When applying the IAS 20 model by analogy, entities recognize the income statement benefits of the ERC when there is reasonable assurance (similar to the “probable” threshold in U.S. GAAP) that both of the following criteria are met: (1) any conditions attached to the program will be met and (2) the benefits (i.e., credits or cash) will be received and retained. Entities that apply an ASC 958-605 model by analogy recognize the income statement effects when conditions (barriers) are substantially met (overcome) by the entity. If as of the reporting date the recognition threshold under the analogized accounting model has not been met, any ERC amounts received (cash or credits) should be accounted for as a liability (i.e., a refundable advance). In general, such liability would be reversed only upon a successful IRS examination, expiration of the applicable statute of limitations, or upon repayment to the government.

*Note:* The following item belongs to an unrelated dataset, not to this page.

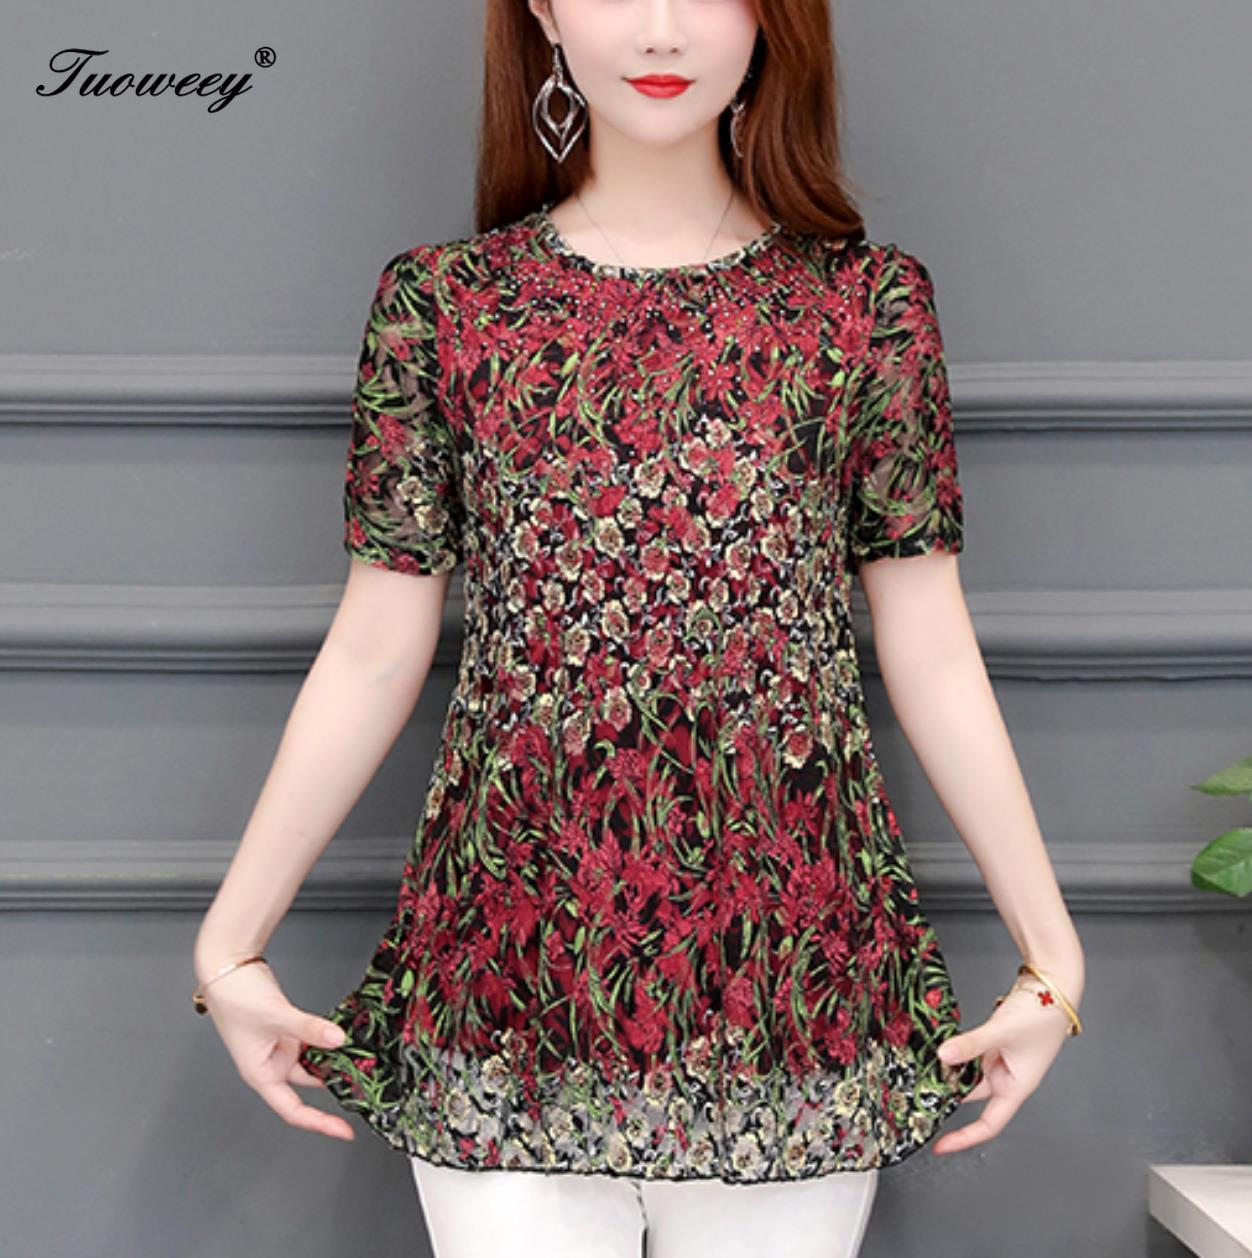 Blusas mujer de moda 2020 estampado floral chiffon blusa mujer tops camisas mujer chemisier femme tops y blusas para mujer

When applying for the ERC, the entity must also reduce its previously taken payroll deduction for those payroll taxes by filing an amended income tax return and paying the related income tax. If upon examination, the entity is required to repay the ERC, it is reasonable to assume that the entity would amend its income tax return a second time to take the payroll deduction and accordingly record a receivable to recover the tax effect of the payroll tax deduction.

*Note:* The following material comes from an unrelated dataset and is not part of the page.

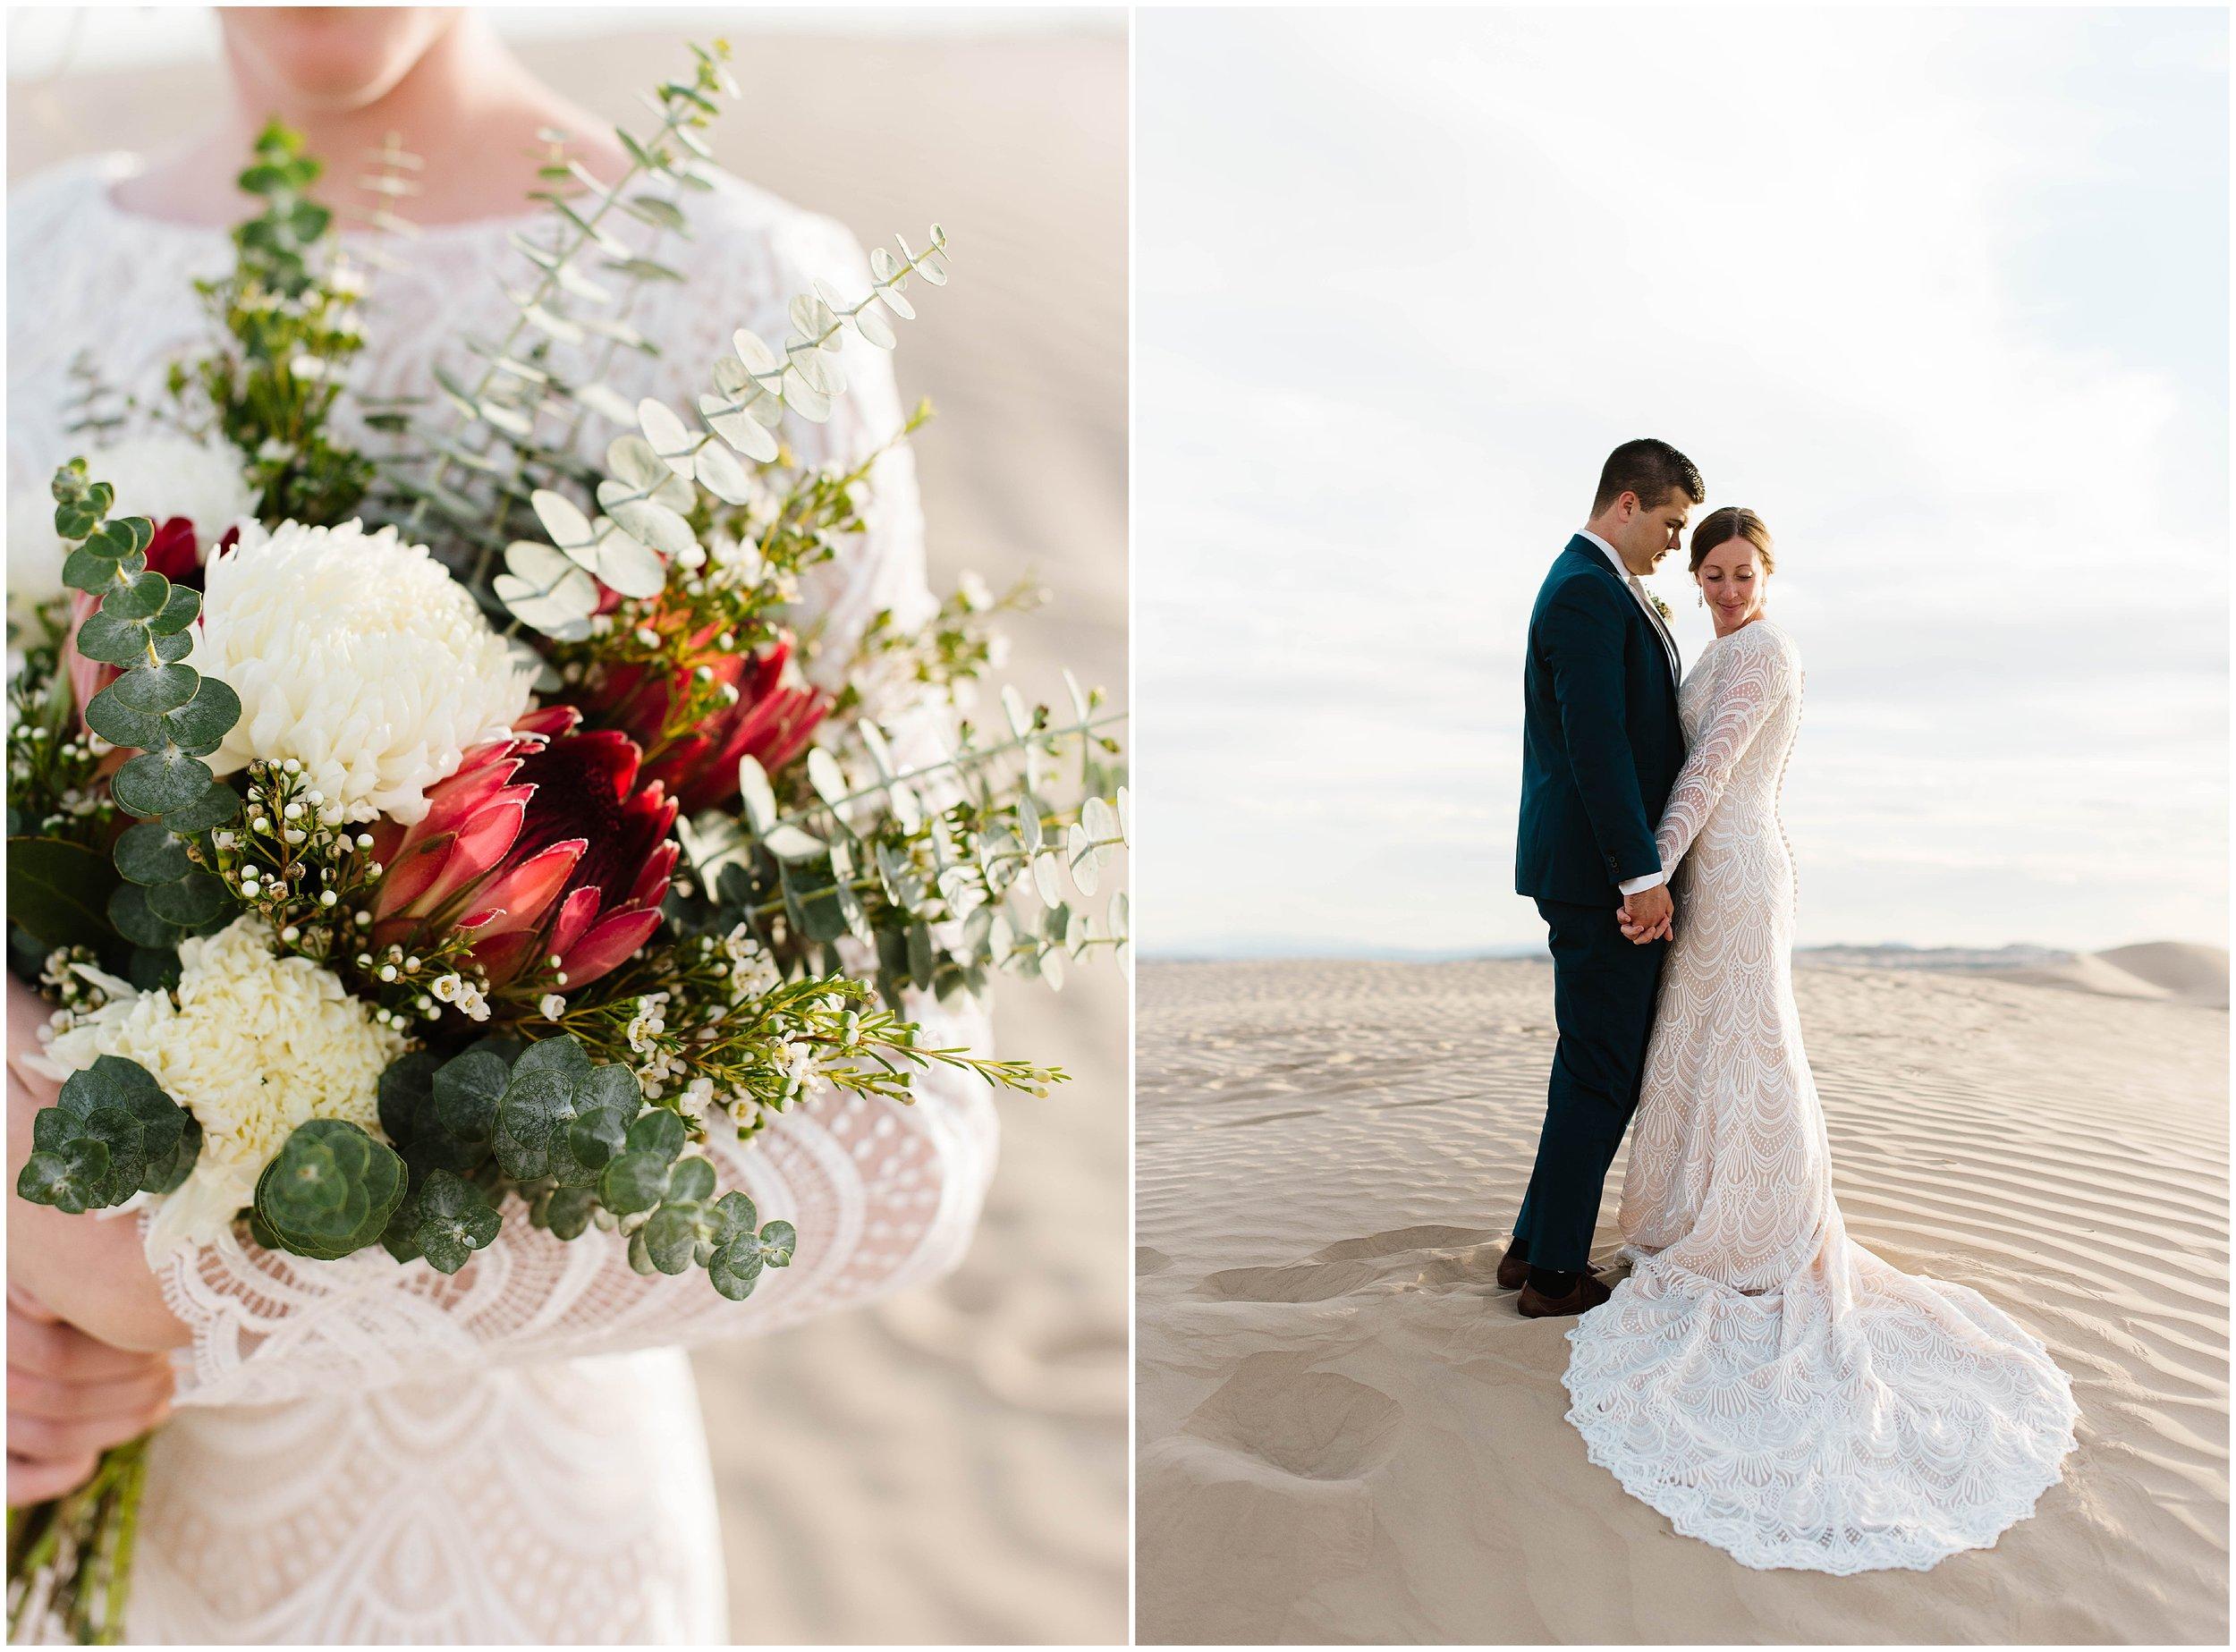 little-sahara-sand-dunes-wedding-amber-lynne-photography.jpg8.jpg

There is generally a three-year statute of limitations for amendments and audits of tax filings; however, an exception has been made to extend the statute of limitations to five years for credits claimed on Q3 2021 payroll taxes, without a corresponding increase in the statute of limitations for amending the related income tax returns. The issue, therefore, is that an entity may not be able to amend its prior income tax return if they are subject to an audit after the three-year statute of limitations expires but before the five-year statute of limitations expires on the Q3 2021 ERC. The receivable for the tax effect of the payroll tax deduction will be reversed when the three-year statute of limitations expires even though the deferred ERC liability would not be reversed until the until the five-year statute of limitation expires or the funds are repaid.

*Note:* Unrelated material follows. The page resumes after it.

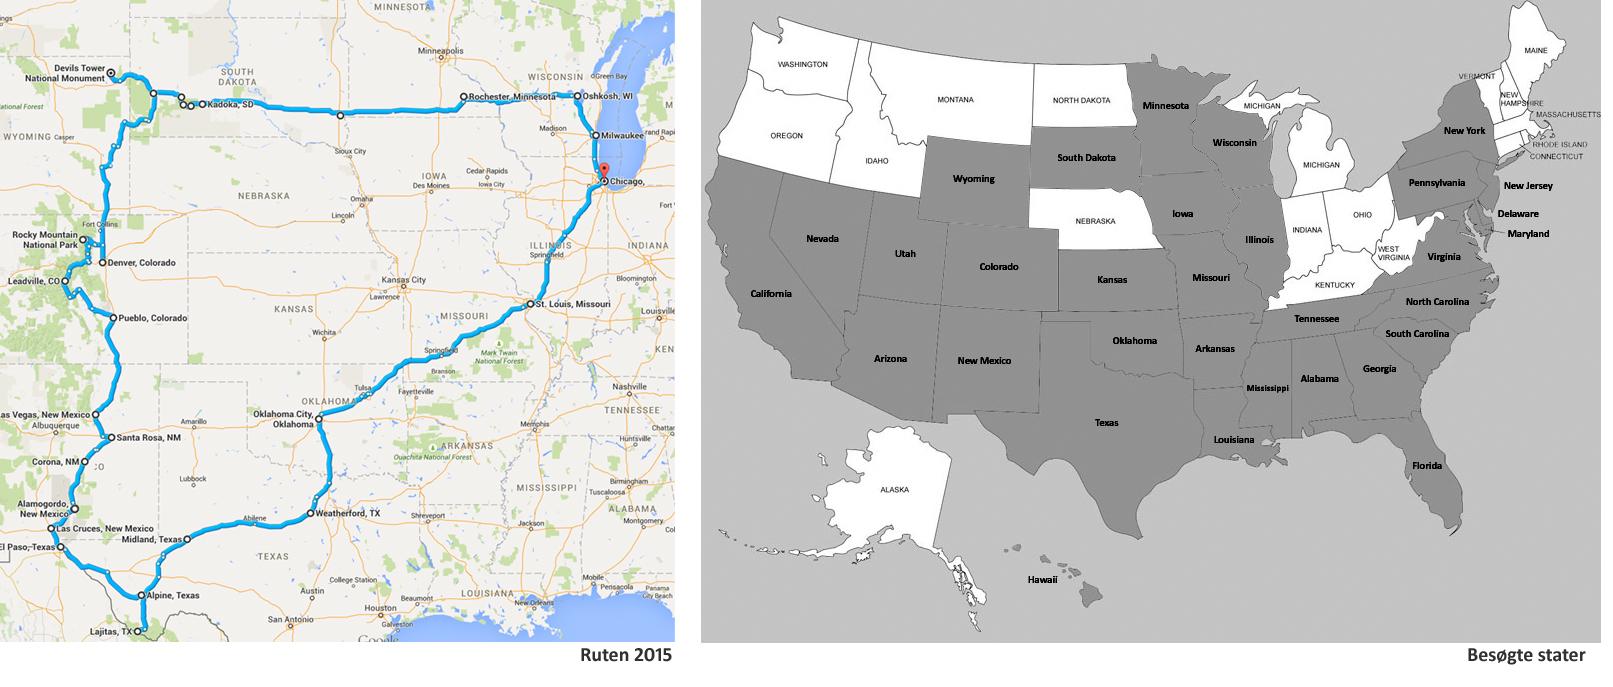 Rute 2015 & Besøgte Stater

Entities with unrecognized ERC credits recorded as a liability related to Q3 2021 should consider the guidance in ASC 740 for uncertain tax benefits with respect to the recovery of the receivable for the tax effect of the payroll tax deduction. Entities should carefully consider whether the taxing authority will audit the Q3 2021 ERC claim within the three-year amended income tax return statute or after three years. Entities should analyze the more-likely-than-not probability guidance in ASC 740 and consider whether the receivable related to the payroll deductions from a second amended income tax return is recoverable. Such analysis should be performed, assuming the taxing authority has all knowledge of the facts and should not include an analysis of whether an audit by the taxing authority may or may not occur.
From a practical standpoint, under ASC 740, the evaluation of the more-likely-than not guidance is more complicated due to the different expiration dates of the receivable and the related ERC credit. Thus, entities must evaluate the likelihood of recovery of the receivable before the three-year statute of limitations expire and whether its recovery meets the “more-likely than not” threshold. Considerations include whether the entity will write off the receivable when the three-year statute of limitation expires or whether the receivable should ever be recognized. These considerations are unique to payroll deductions related to the Q3 2021 ERC claims, since at the end of the three-year statute of limitations, there will not be an offsetting reversal Q3 2021 ERC deferred liability.
This article does not conclude on the appropriate treatment of the receivable, as that conclusion must be based on the relevant facts and circumstances. Entities should ensure appropriate analysis and documentation is maintained to support their conclusions. Materiality of course, may also be considered.